• TASK TO CARRY OUT
Set down exactly the lines running from the one with "Sunday Adult Bible" to the last line of the listing below, both included, and skip every picture.

*** Opening of DATA BLOCK ***

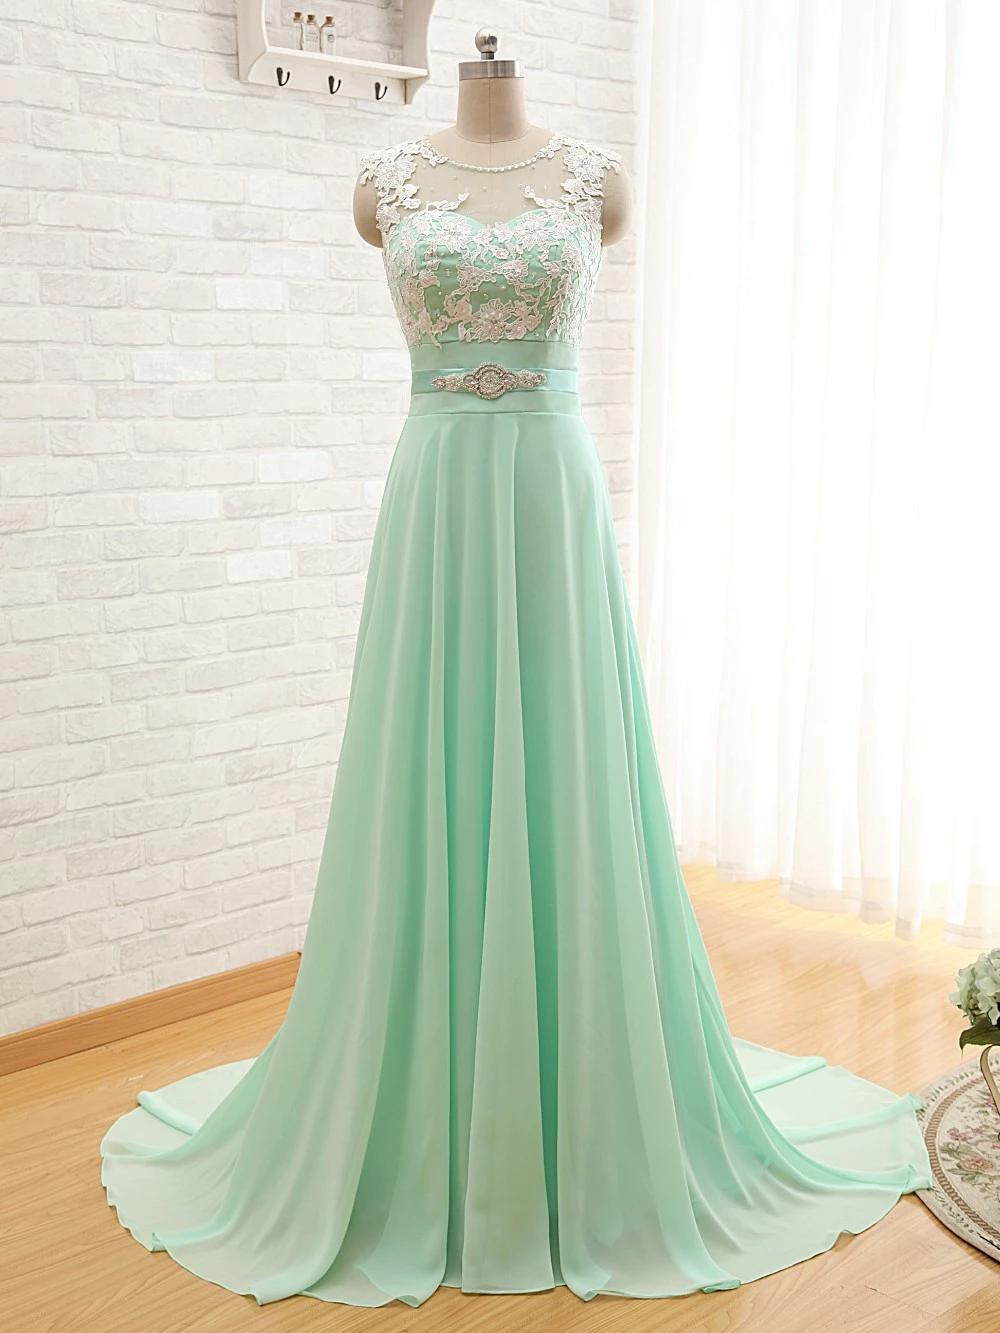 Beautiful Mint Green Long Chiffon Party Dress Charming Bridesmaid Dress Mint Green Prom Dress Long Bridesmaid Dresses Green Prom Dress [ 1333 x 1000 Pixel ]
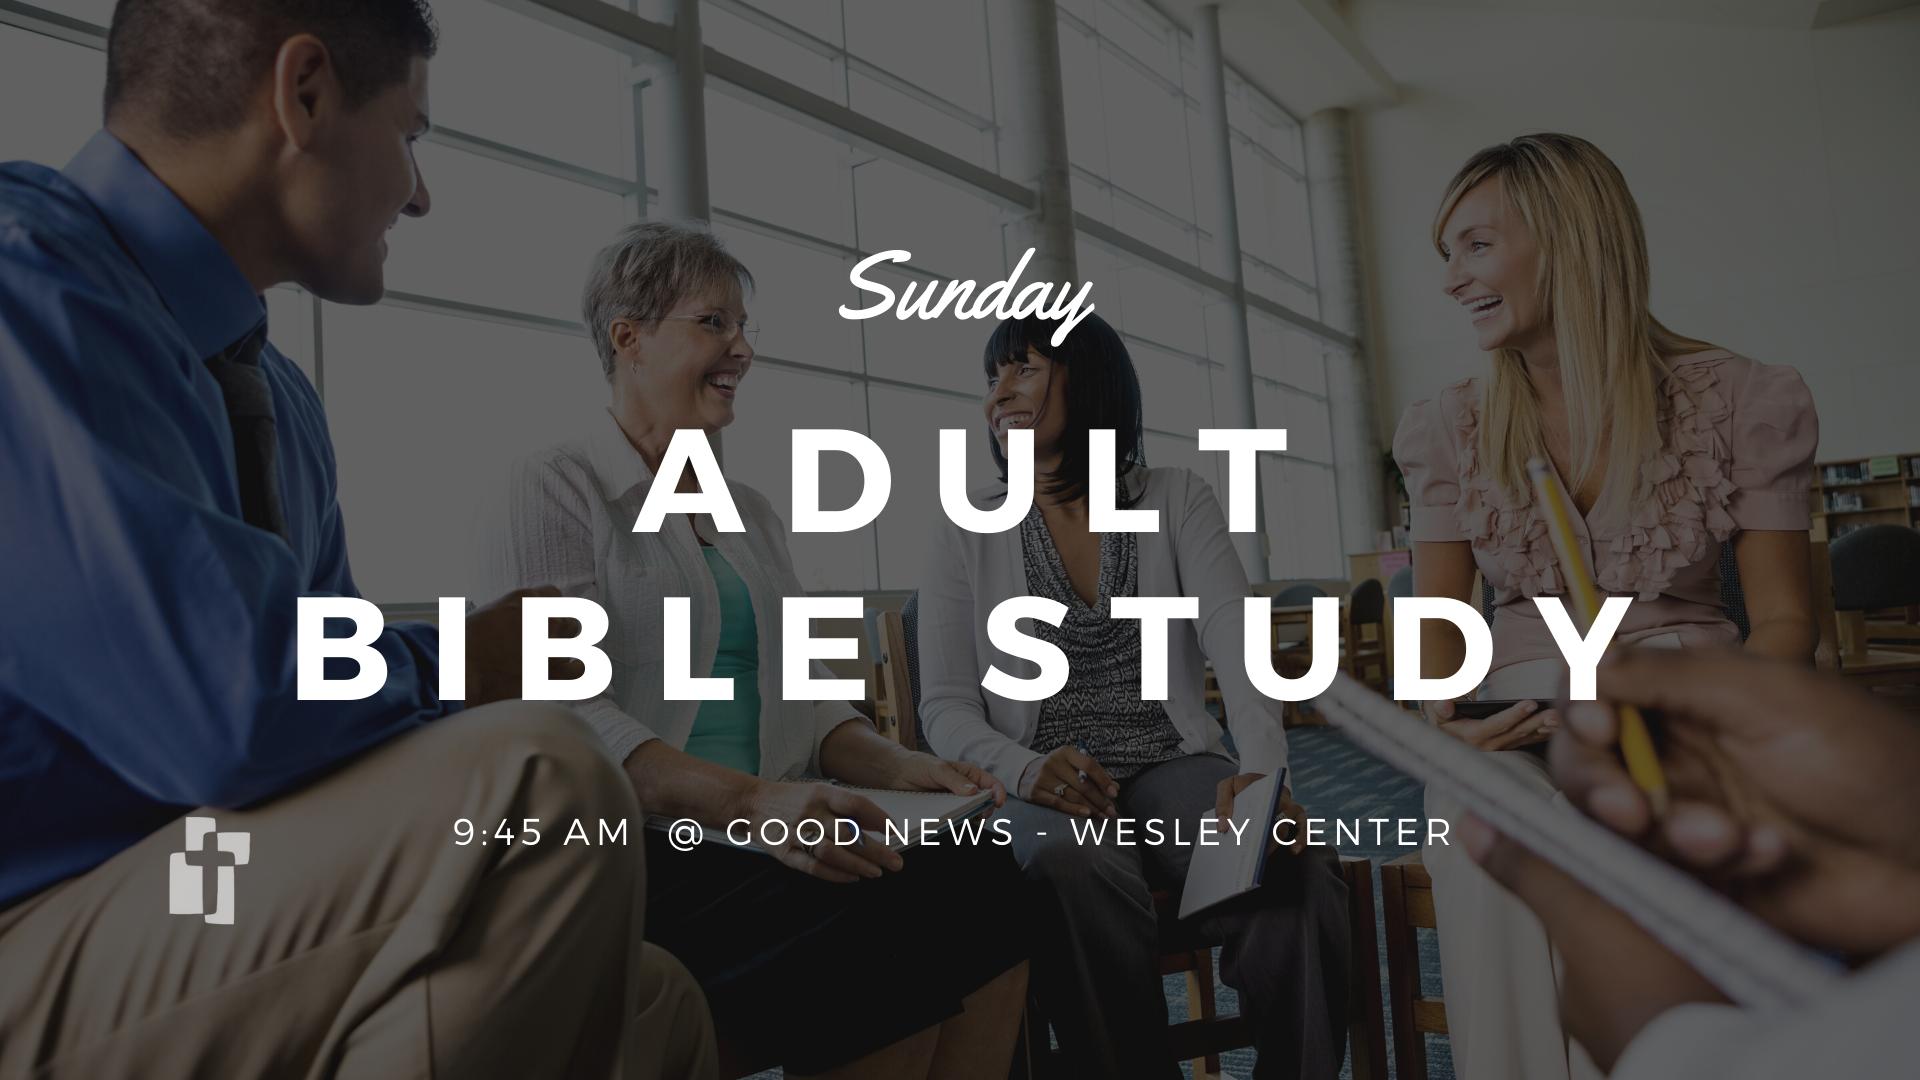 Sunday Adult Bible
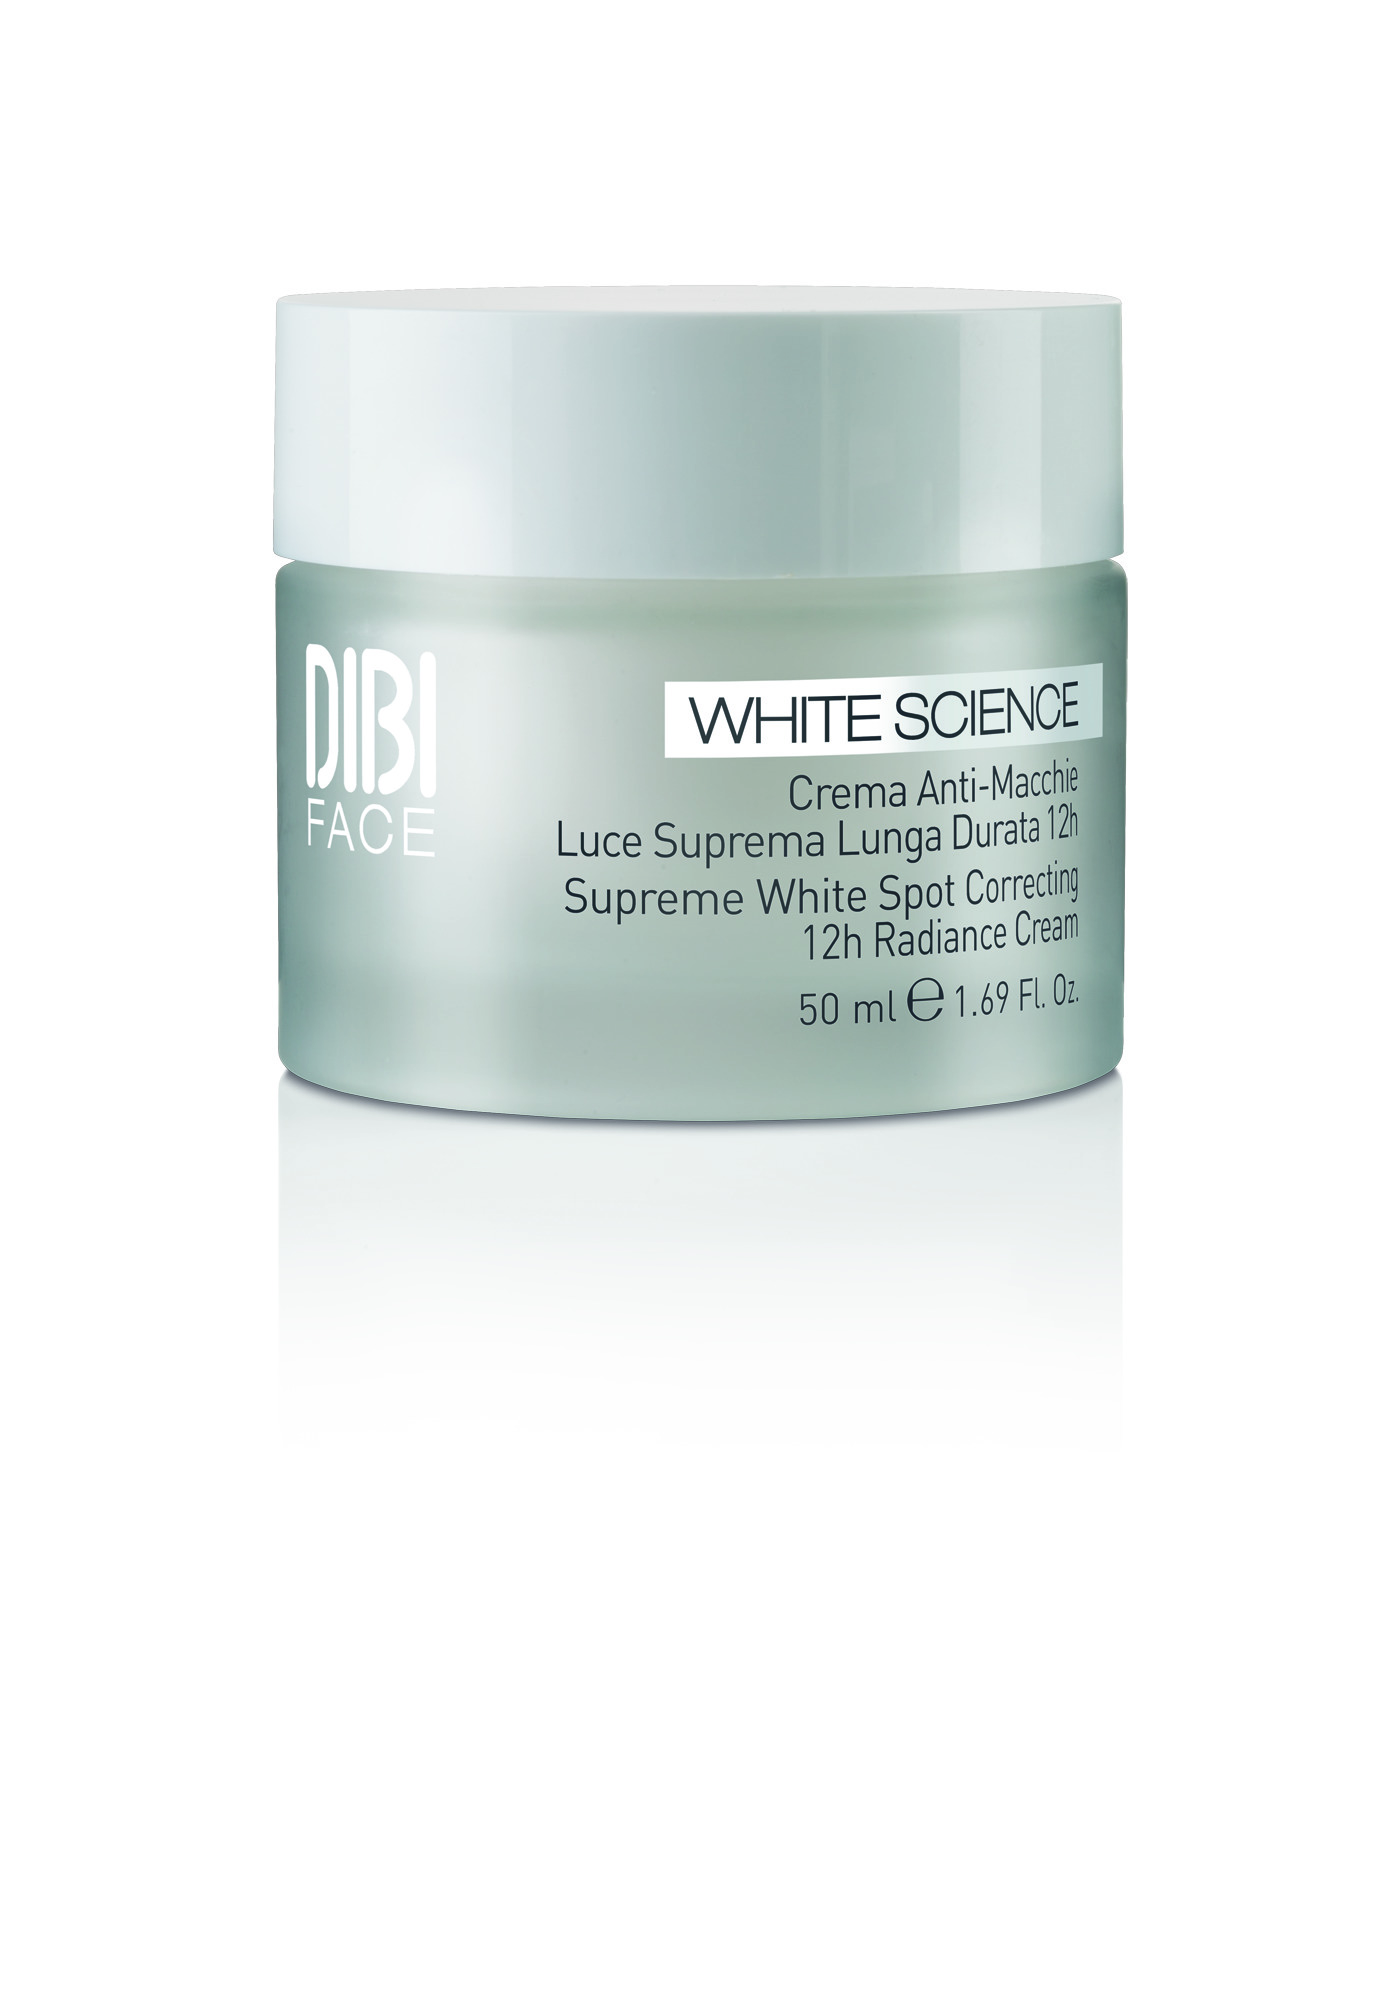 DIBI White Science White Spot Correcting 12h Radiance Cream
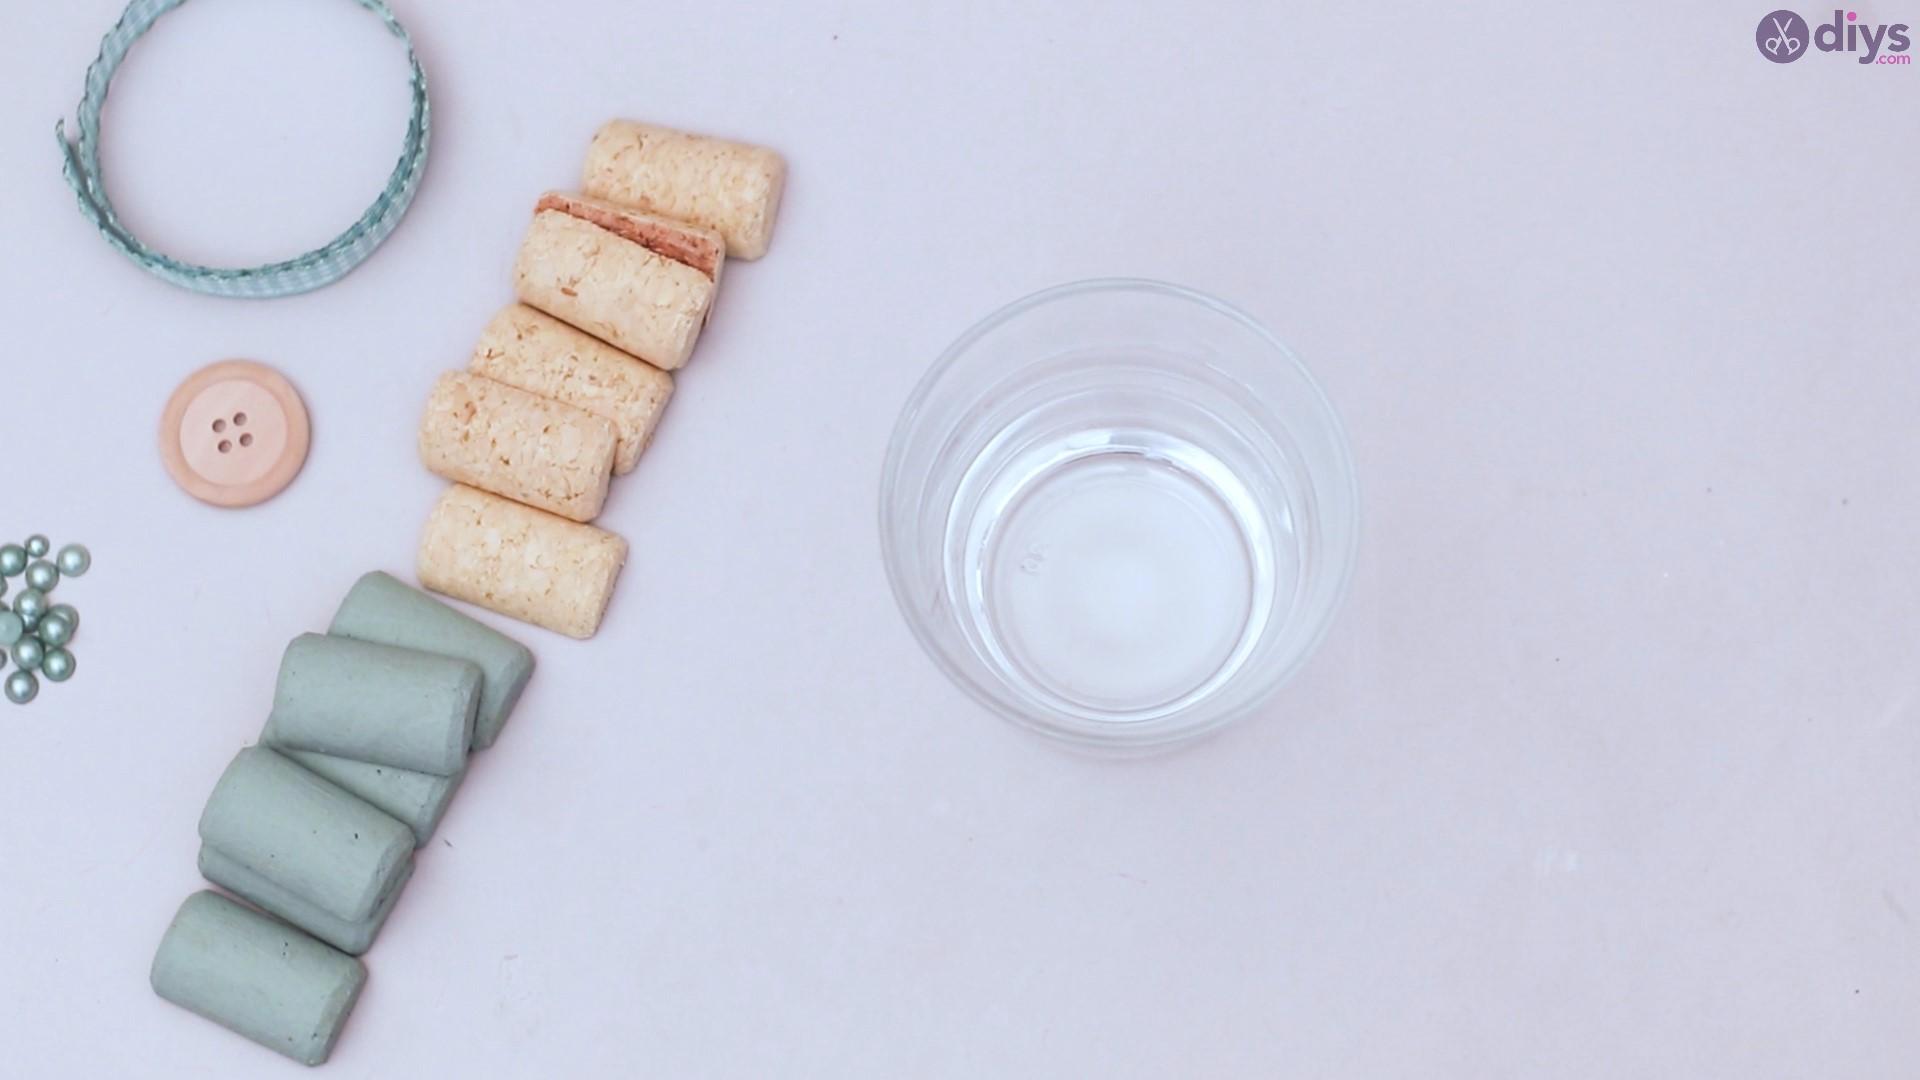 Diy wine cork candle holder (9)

*** Close of DATA BLOCK ***

• RESPONSE TO THE TASK
 Sunday Adult Bible
 DIBI White Science White Spot Correcting 12h Radiance Cream
 Diy wine cork candle holder (9)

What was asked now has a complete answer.